Jones, who announced his plans to leave last week on the heels of a grocery list of scandals that affected the law enforcement agency, will be a special counsel for the football league.

The former head of the Department of Justice agency charged with enforcing the nation’s gun laws will be in charge of making initial disciplinary rulings for the NFL as reported by the Washington Post.

Jones, a former U.S. attorney, assumed the position of acting director of the ATF in 2011 following the resignation of Kenneth E. Melson in the aftermath of the Fast and Furious scandal. He was confirmed as director in 2013 after a close 53 to 42 Senate vote.

Since the post was established in 1970, the agency has seen a full dozen directors and acting directors.
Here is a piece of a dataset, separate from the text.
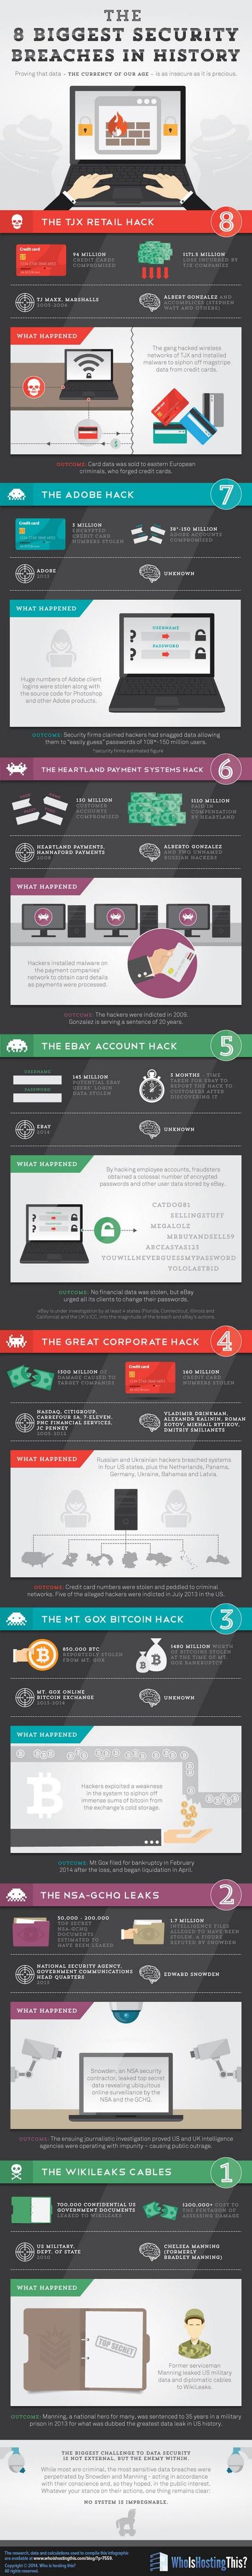 biggest-security-breaches-infographic
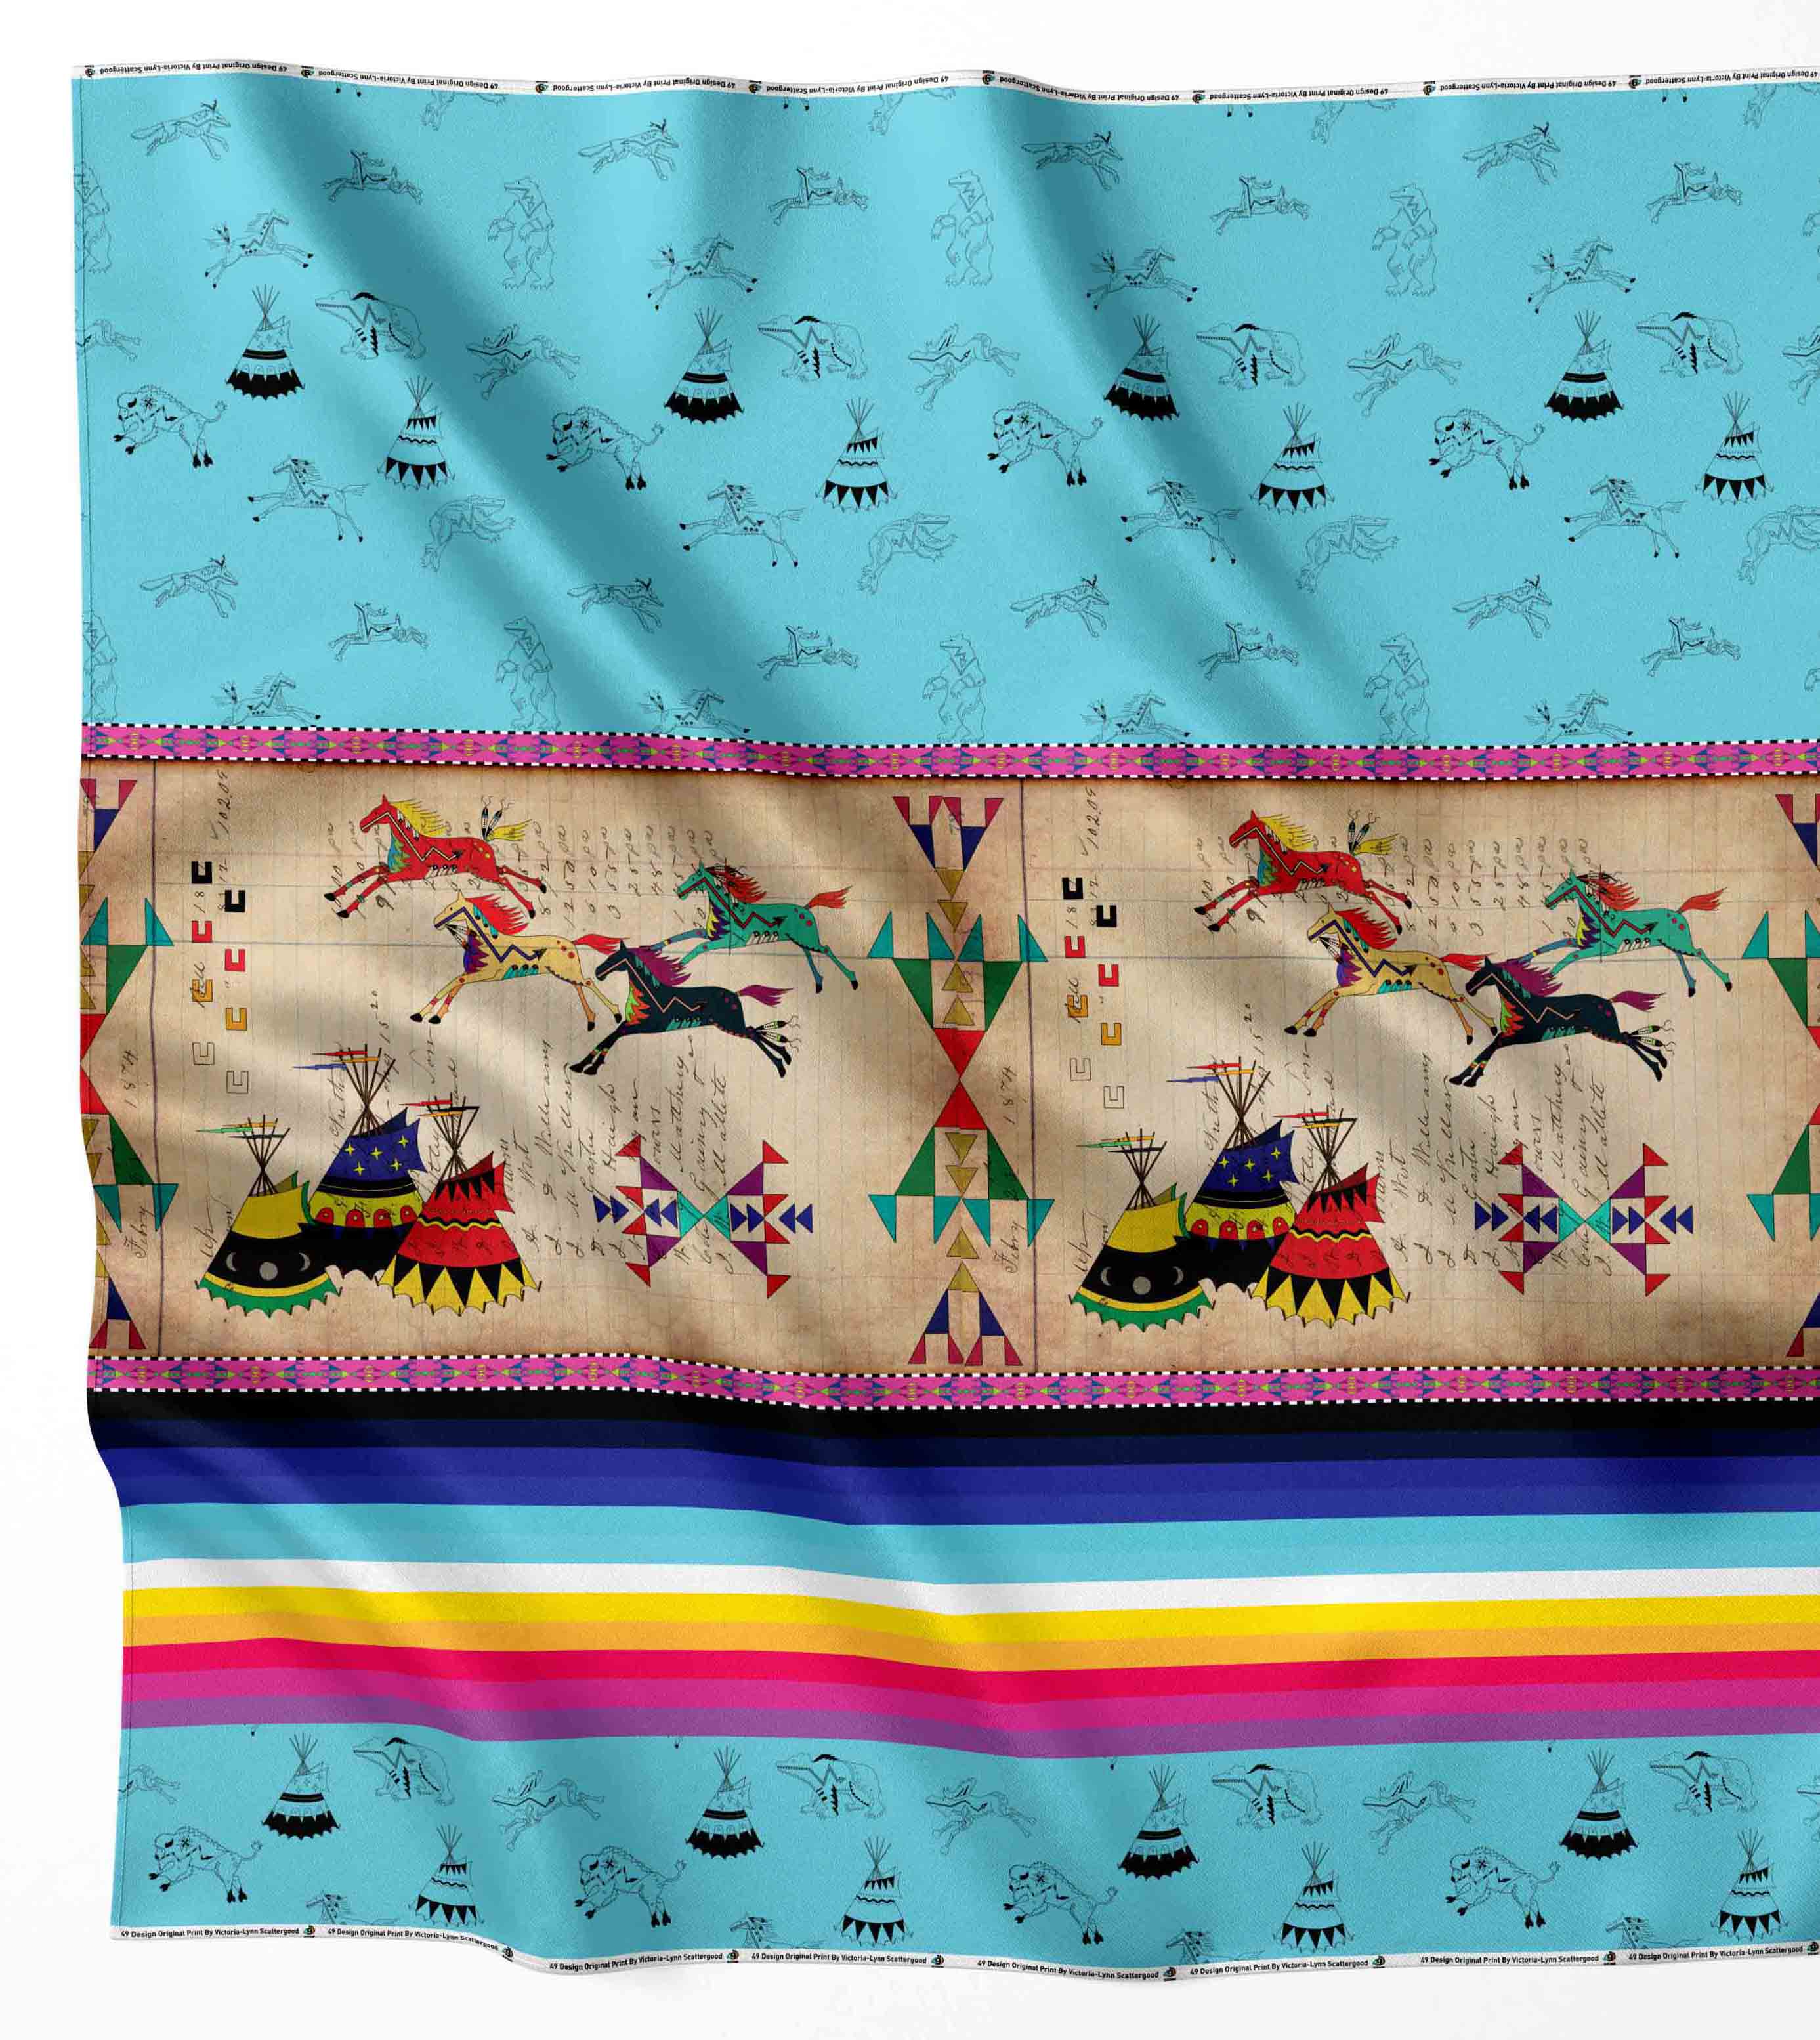 Ledger Horses Running Sky Satin Fabric By the Yard Pre Order

While long serving early holders of the post such as Rex D. Davidson and Stephen Higgins maintained their position for eight and eleven years respectively, since 2004 the assignment has been a revolving door with no less than seven directors in the past decade — of which Jones had been the longest serving.

Gun rights advocates weighed in on the NFL’s newest acquisition.

“I guess now in the NFL we will see a lot less passing and a lot more gun running,” Alan Gottlieb, the Chairman of the Citizens Committee for the Right to Keep and Bear Arms (CCRKBA) and the founder of the Second Amendment Foundation told Guns.com Thursday.